这框架无形无质,却坚不可摧,它直接锚定了即将诞生的战舰在规则层面的坐标。
紧接着,物质与能量在这无形骨架的牵引下开始疯狂汇聚、塑形。
基础粒子跳过所有常规的制造工序,直接组合成具有特定功能属性的微观结构,再由微观结构层层堆叠、嵌套,形成宏观的舰体模块。
龙渊级的厚重装甲、破军级的锐利撞角、璇光级的蜂巢防御层……不同的蓝图引导着物质走向截然不同的演化之路。
整个过程在维度通道内,迸发出刺目的闪光与物质结构瞬时重组时引发空间的细微震颤。
数十万枚种子同时重构,在通道内形成了一条由光芒与新生结构体构成的炽热洪流。
这洪流散发着新生且锐利无匹的气息,如同无数柄正在锻炉中瞬间成型的神兵利刃,裹挟着斩断一切的决绝意志,向着通道尽头的战场呼啸而去。
当它们冲出通道,出现在冰冷星空下的那一刻,已是个体庞大、武装到牙齿、逻辑阵列全功率运转的战争巨兽。
重构的余晖在它们新生的装甲上流转,旋即被肃杀的待战光芒所取代。
第一波出现的是一万两千艘龙渊-太虚级法则主力舰。
这些长达一千二百公里的巨舰通体呈现暗金色,舰体表面流淌着银白色的光纹,那些光纹是舰载逻辑阵列的外部显化。
舰首的九联装法则剥离炮阵列已经进入预充能状态,炮口周围的空间出现细微的晶格化现象。
紧随其后的是三万艘破军-绝锋级逻辑突击舰。
这些八百公里长的战舰外形锐利如刀锋,舰体采用了特殊的相位存在转换材料,在传感器中呈现出一种不确定的模糊状态。
它们的碎辰逻辑共振主炮阵列开始预热,炮管周围泛起了涟漪般的逻辑波动。
然后是四万八千艘璇光-守道级护卫舰。
这些三百公里长的战舰构成防御阵型的基石,它们的守道之环快速响应场已经展开,在舰队外围形成了一层淡蓝色的逻辑过滤层。
剩余的重构种子还在持续转化,第二波舰船正在维度通道中快速成型。
这一切都发生在短短五秒内。
当十二个入侵点扩张到直径八百公里时,华夏的第一波舰队已经完成部署,在入侵点前方构成了十二个立体的拦截阵型。
但入侵点扩张还在继续。
第一千二百公里时,暗紫色的波纹从通道内部涌出,那些波纹在现实世界凝结成实质的物质流。

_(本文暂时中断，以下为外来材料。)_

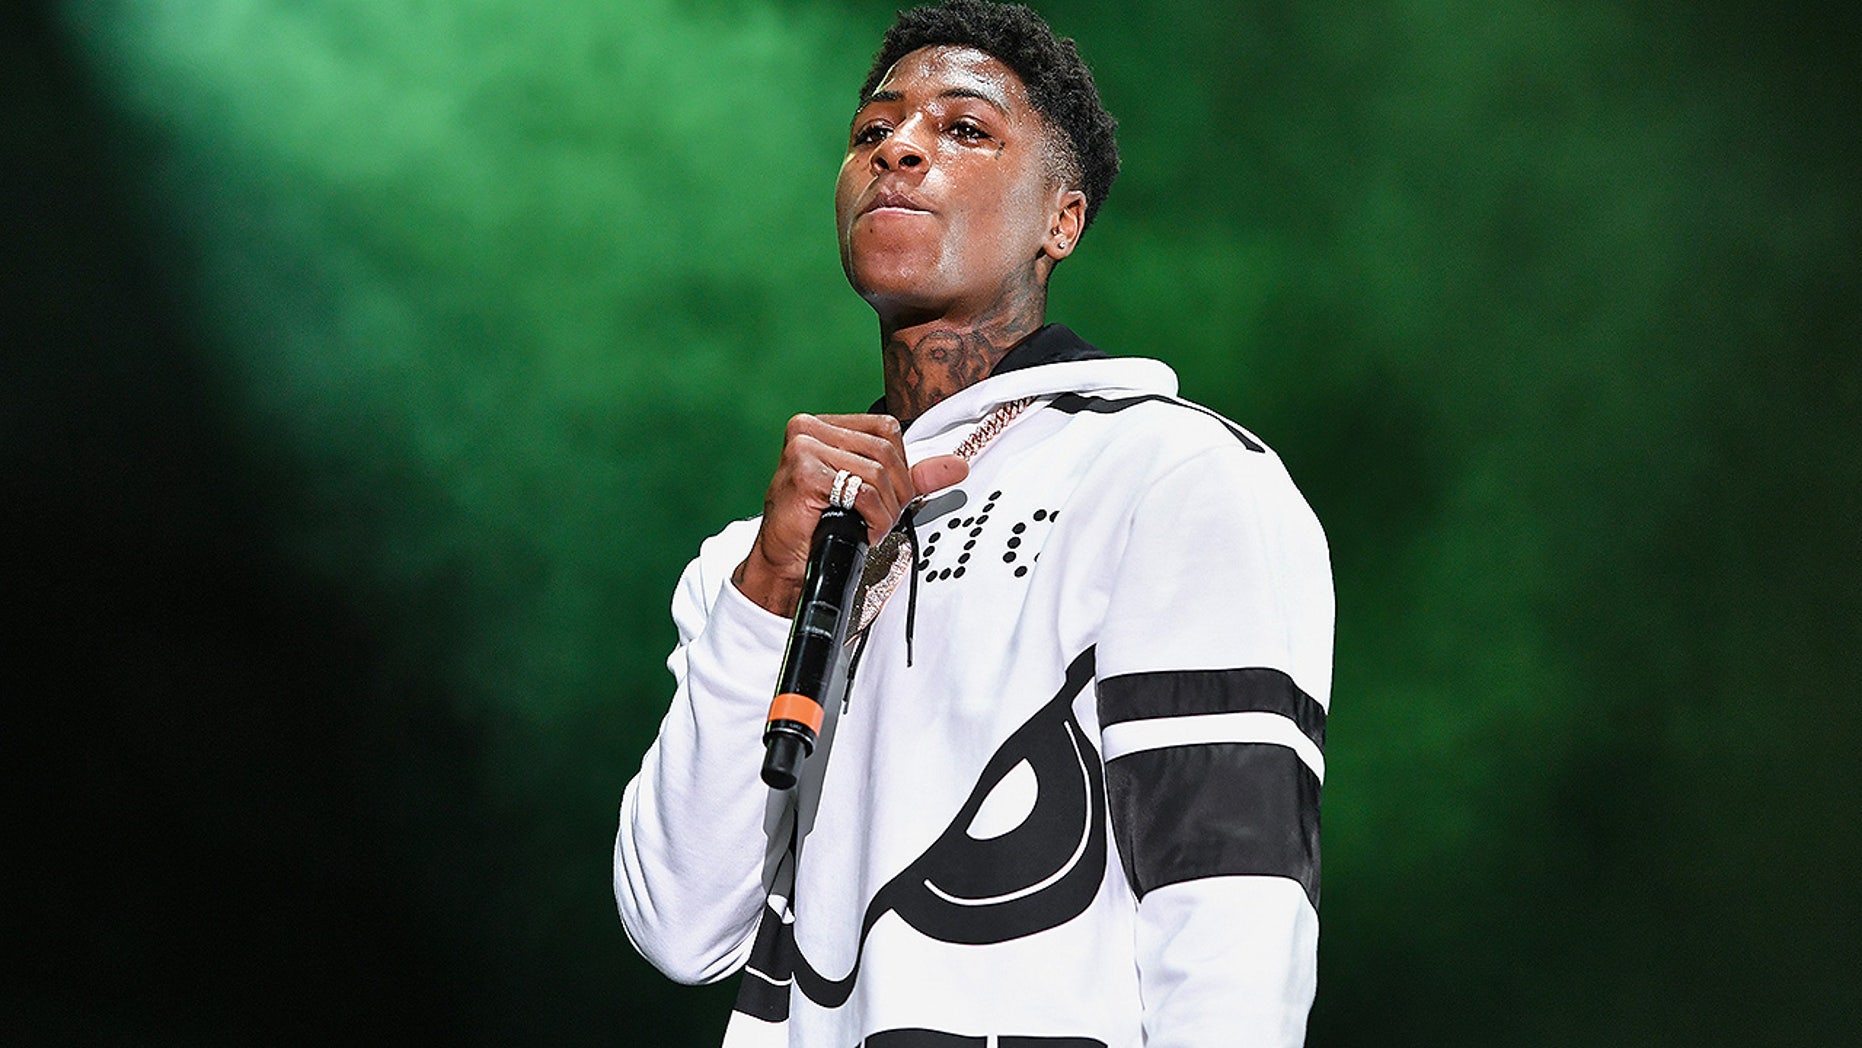 The rapper NBA Youngboy's girlfriend was injured in a deadly shootout in Miami. The scrum would have occurred outside of a Trump complex.

物质流快速构建出舰体轮廓、武器平台、能量核心,整个过程就像倒放的溶解录像,从无形的规则流到有形的战舰,只用了三秒。
第一艘敌舰完成了实体化。
它的外形与之前的三艘先锋舰相似,但体积大了五倍,舰体表面的生物质外壳更加厚重,脉动的血管状纹路密集到几乎覆盖整个舰体。
舰首的空间拉伸聚焦器从单组增加到三组,呈品字形排列。
然后是第二艘,第三艘……
每个入侵点都在以每秒二十艘的速度吐出敌舰。
这些敌舰一出现就立刻进入战斗状态,舰首的聚焦器开始充能,暗紫色的光芒在炮口汇聚。
“敌方单位持续增加。当前总数:两千四百。预计六十秒后突破一万。”羲和的战术监控覆盖了整个战场,“检测到敌方舰队存在逻辑链接网络,指挥结构高度协同。”
“开火。”
林默的指令简洁直接。
一万两千艘龙渊-太虚级法则主力舰同时发射。
九联装法则剥离炮阵列射出银白色的逻辑解离场。
这种场在传播过程中自行展开,覆盖范围从最初的炮口直径扩展到数千公里。
当逻辑解离场接触到敌舰时,敌舰表面的生物质外壳就发生了诡异的变化。
外壳的分子结构没有破损,原子键也没有断裂,但物质之间的结合逻辑被暂时移除了。
原本坚固的外壳变得像沙子一样松散,一块块生物质材料从舰体上剥落,在真空中飘散。
剥落过程从接触点开始,以光速向整个舰体蔓延。
第一轮齐射,两千四百艘敌舰中有八百艘被完全解离,舰体化为了基本粒子云。
剩余的一千六百艘也遭受了不同程度的损伤,外壳大面积剥落,暴露出内部的结构。
但敌舰的反击立刻到来。
幸存的敌舰舰首,三组空间拉伸聚焦器同时发射。
暗紫色的光束不再是单一条束,而是在发射后自行分裂,每一道光束分裂成数十道更细的分支,这些分支在飞行中交织成网,覆盖了大片空域。
龙渊-太虚级舰队的归墟法则免疫场自动激活。
舰体周围的空间出现了一层微弱的扭曲,那些扭曲是局部物理常数的临时调整。
当空间拉伸光束接触扭曲区域时,光束内部维持拉伸效应的逻辑基础突然失效,暗紫色光芒迅速黯淡,在抵达舰体前就消散为无害的背景辐射。
不过免疫场对同是七级的敌人而言并非绝对防御。
有七艘龙渊-太虚级战舰被超过二十道光束同时命中,免疫场的逻辑过载,舰体表面出现了龟裂。
其中三艘的装甲被部分拉伸撕裂,暴露出内部结构。
破军-绝锋级逻辑突击舰就在这时切入战场。
三万艘突击舰分成十二个编队,每个编队对应一个入侵点。
它们采取在空间中执行短距维度跳跃,每次跳跃距离不超过零点一光年,但频率高达每秒三次。
这种高频跳跃让敌舰的锁定系统完全失效。
当破军级战舰出现在敌舰阵列内部时,它们的碎辰逻辑共振主炮开始点射。
被命中的敌舰在瞬间陷入了一种逻辑死锁状态。
因为这种武器发射的是一种与目标存在逻辑频率匹配的波动。
波动穿透敌舰的外壳和内部结构,直接作用于舰载系统的逻辑核心。
一旦共振建立,敌舰内部的各种逻辑协议便会开始自相冲突,动力系统的输出逻辑与导航系统的轨迹逻辑产生矛盾,武器系统的瞄准逻辑与火控系统的解算逻辑互相否决。
舰体表面的光芒紊乱闪烁,推进器间歇性喷射又停止,武器平台无序转动。
它们变成了战场上的障碍物,不仅失去战斗力,还阻碍了友军的机动。